Белая плотная бумага, заверенная печатью, теплила грудь. Часто щупал ее Анисим Иванович: цела ли. Не зря размачивал сухарики станционным кипятком, грыз в ожидании поезда. Не напрасно ходил по высоким этажам, стучался в кабинеты, где сидели солидные дяди в военной форме.
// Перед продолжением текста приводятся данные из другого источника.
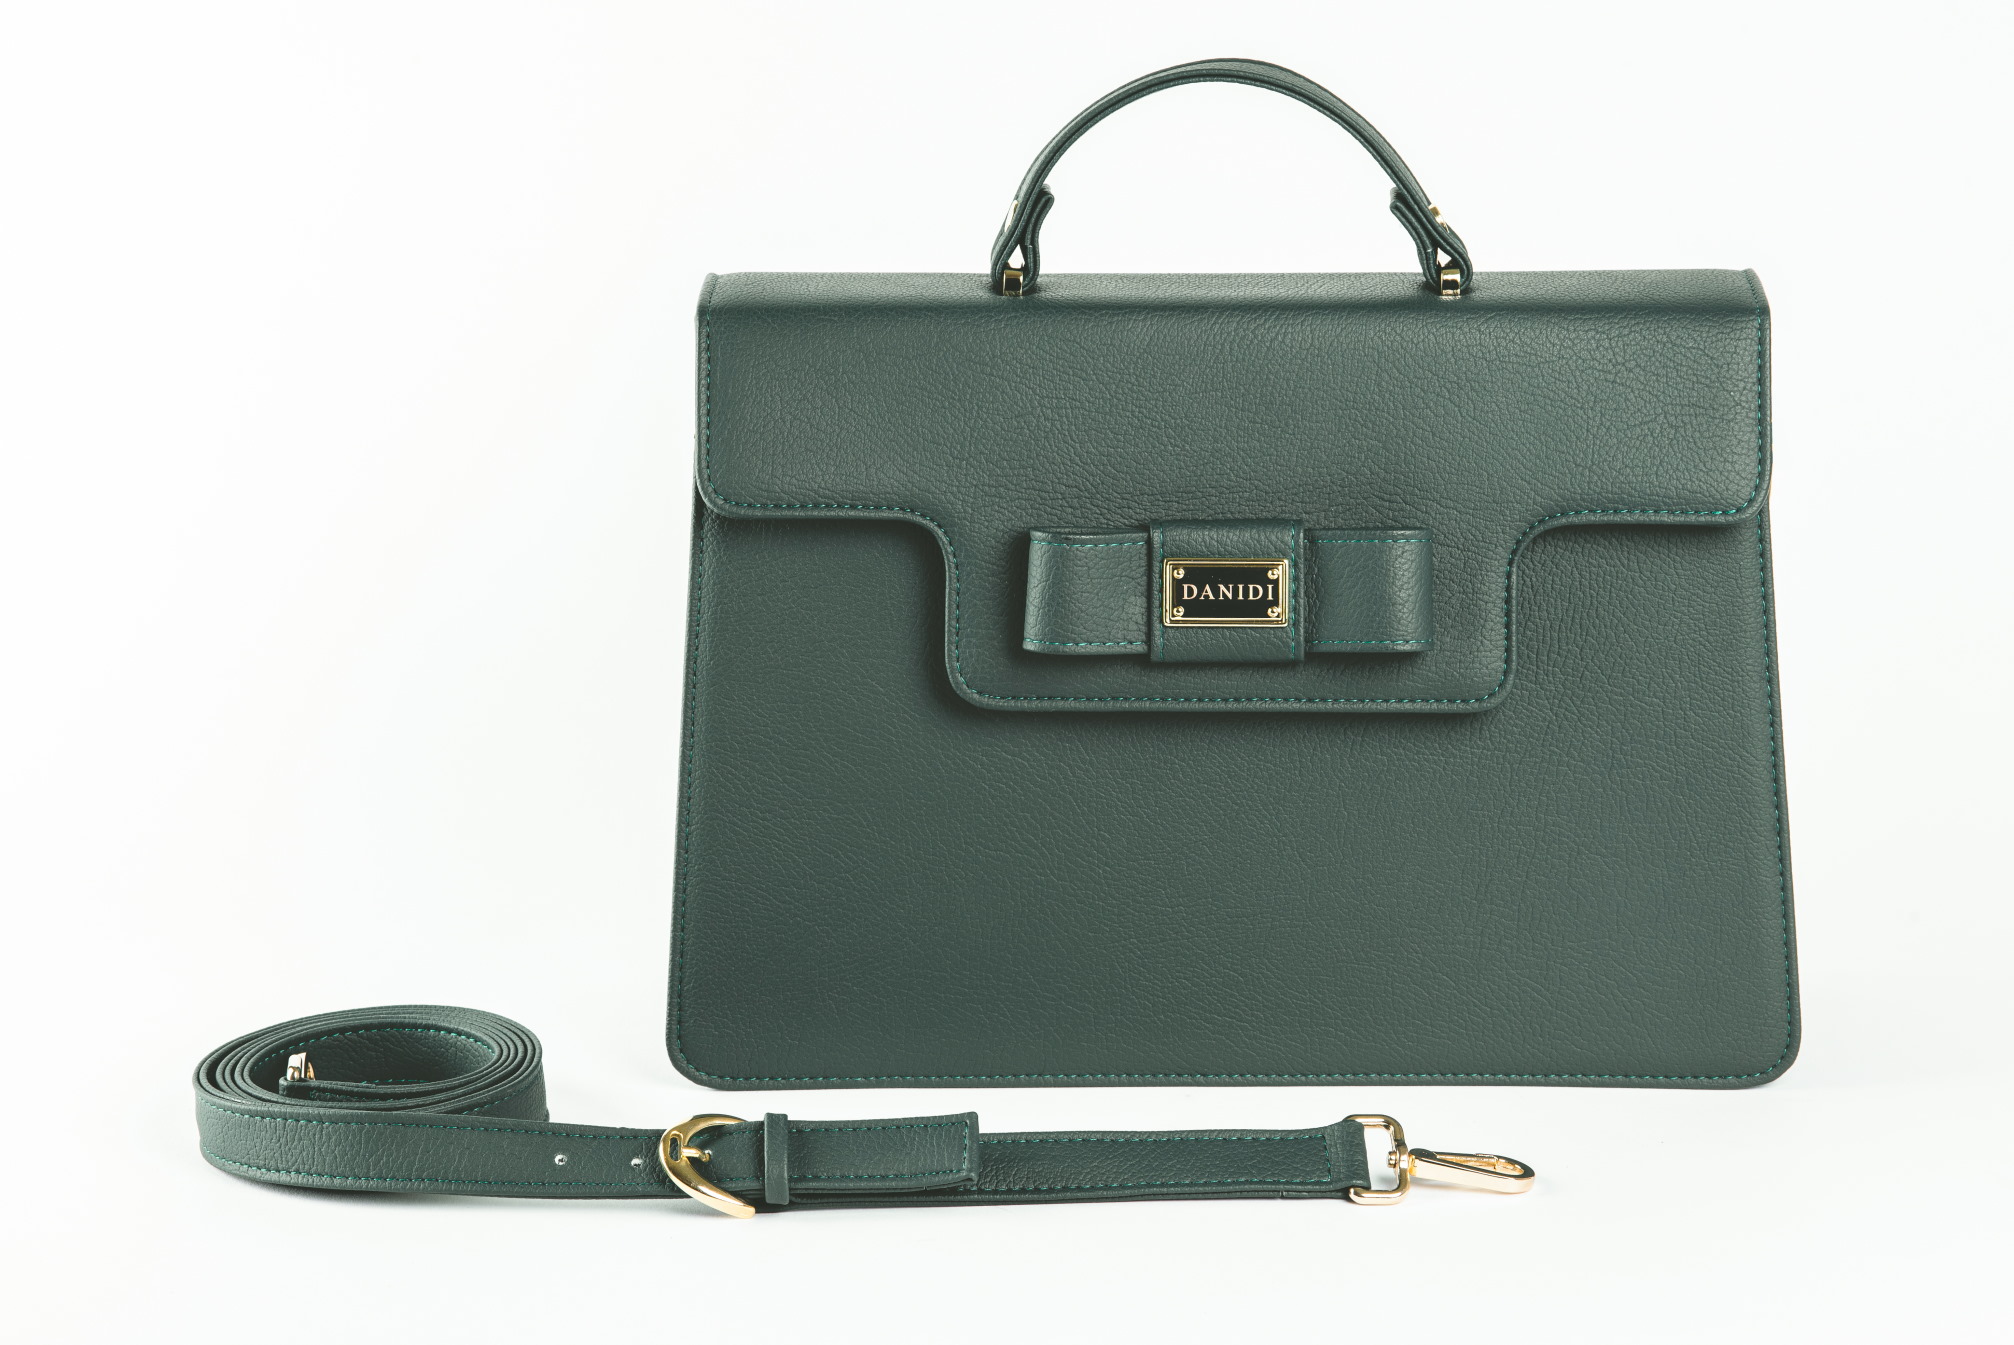 DANIDI je ekskluzivno predstavio najnoviji proizvod iz svoje tvornice - elegantnu poslovnu torbu za žene sa stavom!

Вернулся Бабинцев в Большие Броды, осмотрел начатые лесоразработки. Вымолвил:
– Полное разбоище!
К ходоку подъехал в кошевке председатель колхоза.
– Выездил что-нибудь?
Насупленный лесообъездчик протянул развернутый лист. Подавая, заглянул в него: не скатилась ли из-под машинописного текста круглая печать. На месте. Даже тень от себя пустила – легкий чернильный оттиск наверху фирменного бланка. Славная бумага оказалась под двумя печатями.
Тютюнников вчитывался в текст, радовался результату анализа.
– Мы предвидели это. Ведем просеку к тому сосняку. Прорубили волоки. Привели в порядок дальний барак. Скоро в него будем переселяться.
Анисим Иванович оживился. Расправил плечи – еще подрос на голову. Приветливо протянул председателю руку.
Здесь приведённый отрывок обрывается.